Historic church in Arkansas, United States

Moscow Methodist Church and Cemetery is a historic landmark built in 1864 and added to the National Register in 2006. The former community of Moscow is located just outside the current city limits of Prescott, Arkansas. The area is on or near the old "Moscow-Camden Road", or "Wire Road" which ran between Moscow and Camden, Arkansas. As of 2016, the location was known as the junction of Nevada County Roads 23 and 260.

== History ==
As early as 1810, the community of Moscow had primarily consisted of various small farms and businesses that included several retail shops, two blacksmiths, a post office, a saloon, and a Masonic Lodge. Methodist historians place the church congregations date of origin as early as 1842. The first marked burial in the cemetery dates to 1864, but the deed to the grounds was not issued until 1868, so it appears that the land had been in use for burial and religious purposes well before the property transaction was formalized and recorded.

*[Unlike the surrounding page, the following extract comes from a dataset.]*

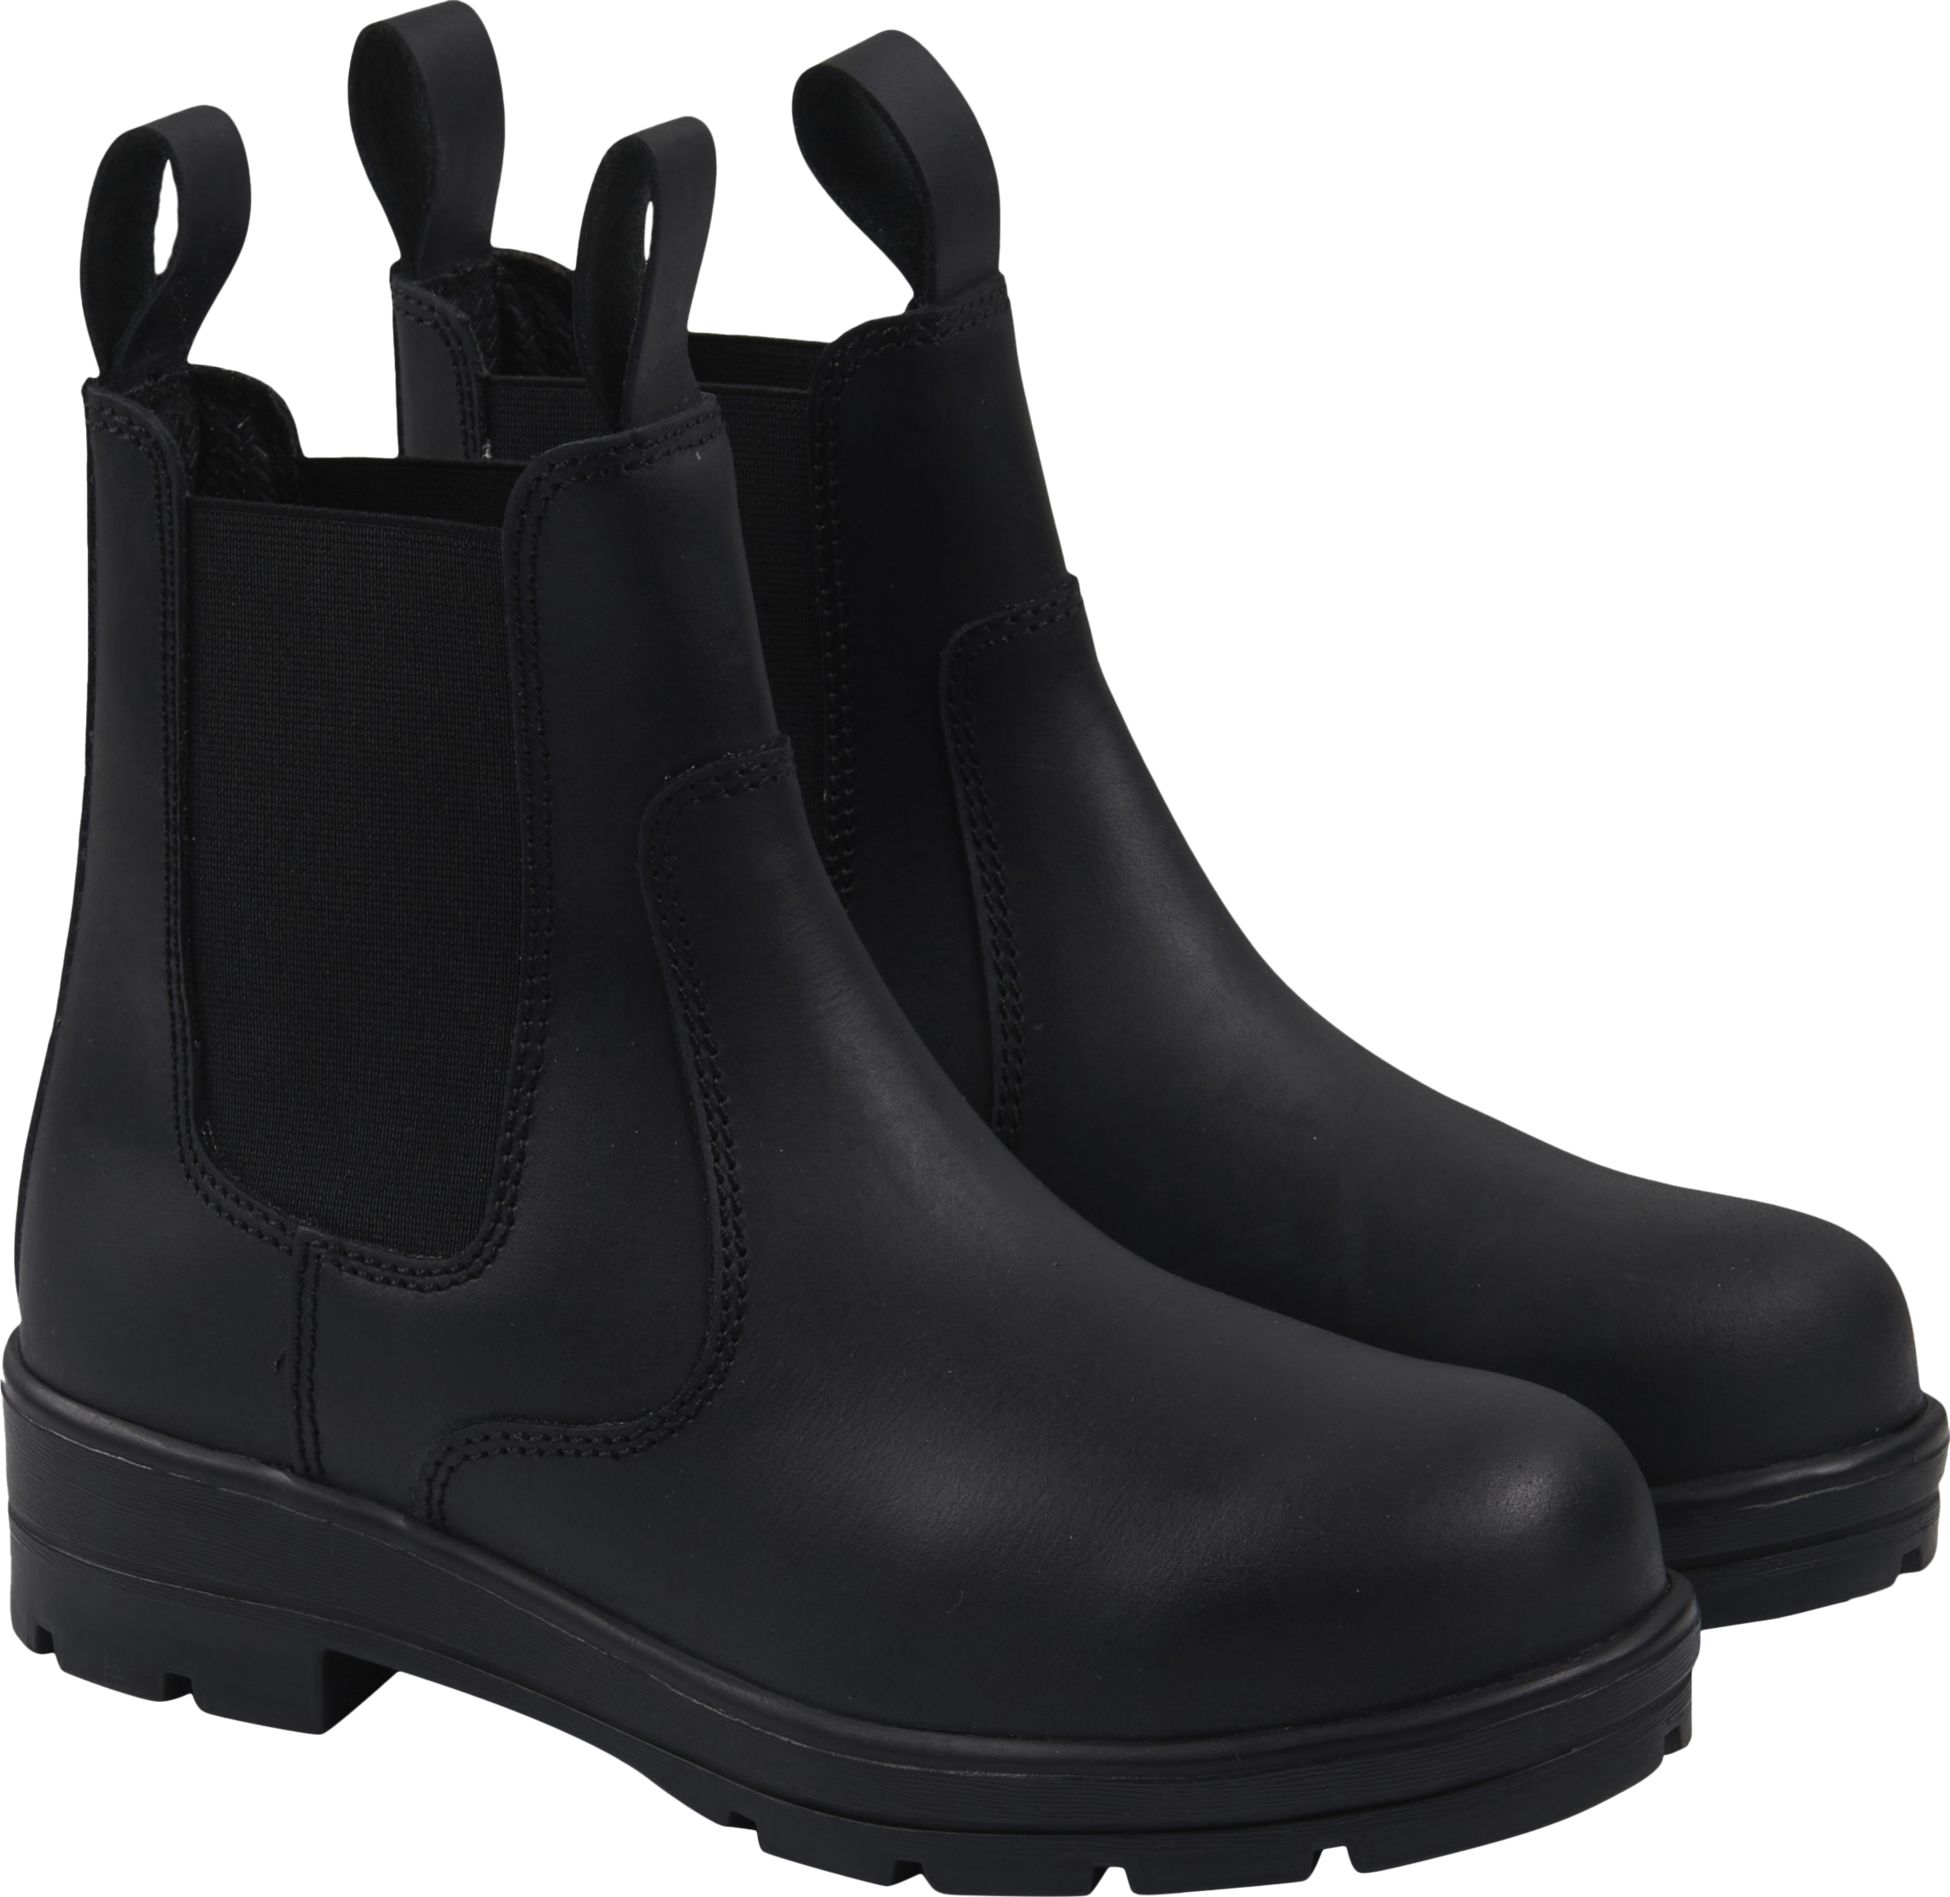 EQUIPAGE, JR SAFETY BOOTS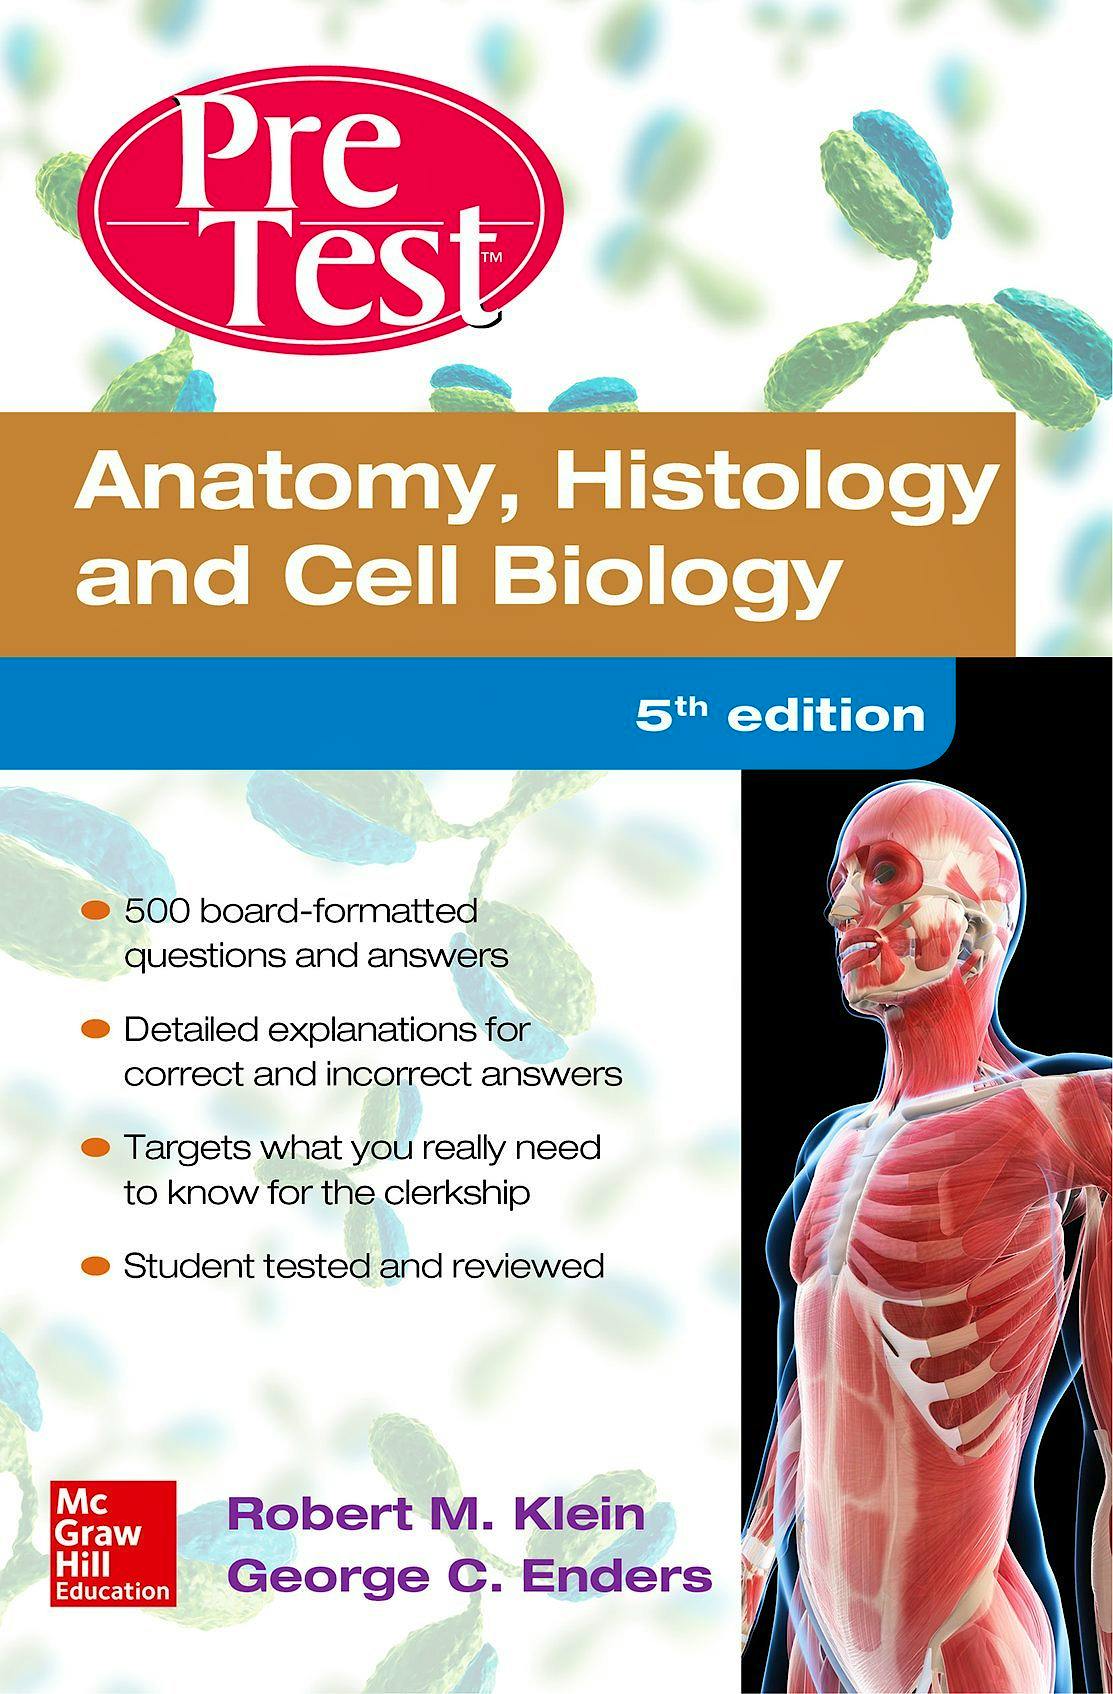 Portada del libro 9780071791403 Anatomy Histology and Cell Biology Pretest Self-Assessment and Review

In 1864, the Civil War brought several battles to the area surrounding Moscow during the Red River Campaign and the Camden Expedition.

During those conflicts, the Confederate Army of Major General Sterling Price and Brigadier General Thomas Dockery engaged the Union Army of Major General Frederick Steele and Brigadier General John Thayer. The Moscow area was surrounded by historic battles that include:

- Engagement at Elkin's Ferry. April 3–4, 1864.
- Skirmish at Prairie D’Ane. April 9–13, 1864.
- Action at Moscow. April 13, 1864.
- Engagement at Poison Spring. April 18, 1864.

In 1873, the Cairo and Fulton Railroad was constructed a short distance from Moscow and a new town was laid out alongside the rails. Being on the outskirts of a rapidly growing railroad town, Moscow merchants and businessmen quickly relocated to be alongside the rails. While Prescott grew, Moscow's population began to dwindle. The Citizens of Prescott continued to use Moscow Cemetery as a community burial site until 1880, when the De Ann Cemetery was established and Moscow community disappeared over time.

In the years afterwards, Moscow Methodist Church and Cemetery continued serving the Moscow and Prescott area. The church was listed in the minutes of the Little Rock Conference of the Methodist Church into the 1970s and regular services continued until 1989.

In December 2003, the Trustees of the Arkansas Conference of the United Methodist Church quit-claimed their interest in the church building and grounds to the Moscow Cemetery Association.

Moscow Methodist Church and Cemetery are what remains of the original community; an early settlement and little documented trade center in the Missouri Township, of Nevada County in Southwest Arkansas.

== Notable interment ==
- Edward A. Warren (1818–1875) – US Representative, Circuit Court Judge.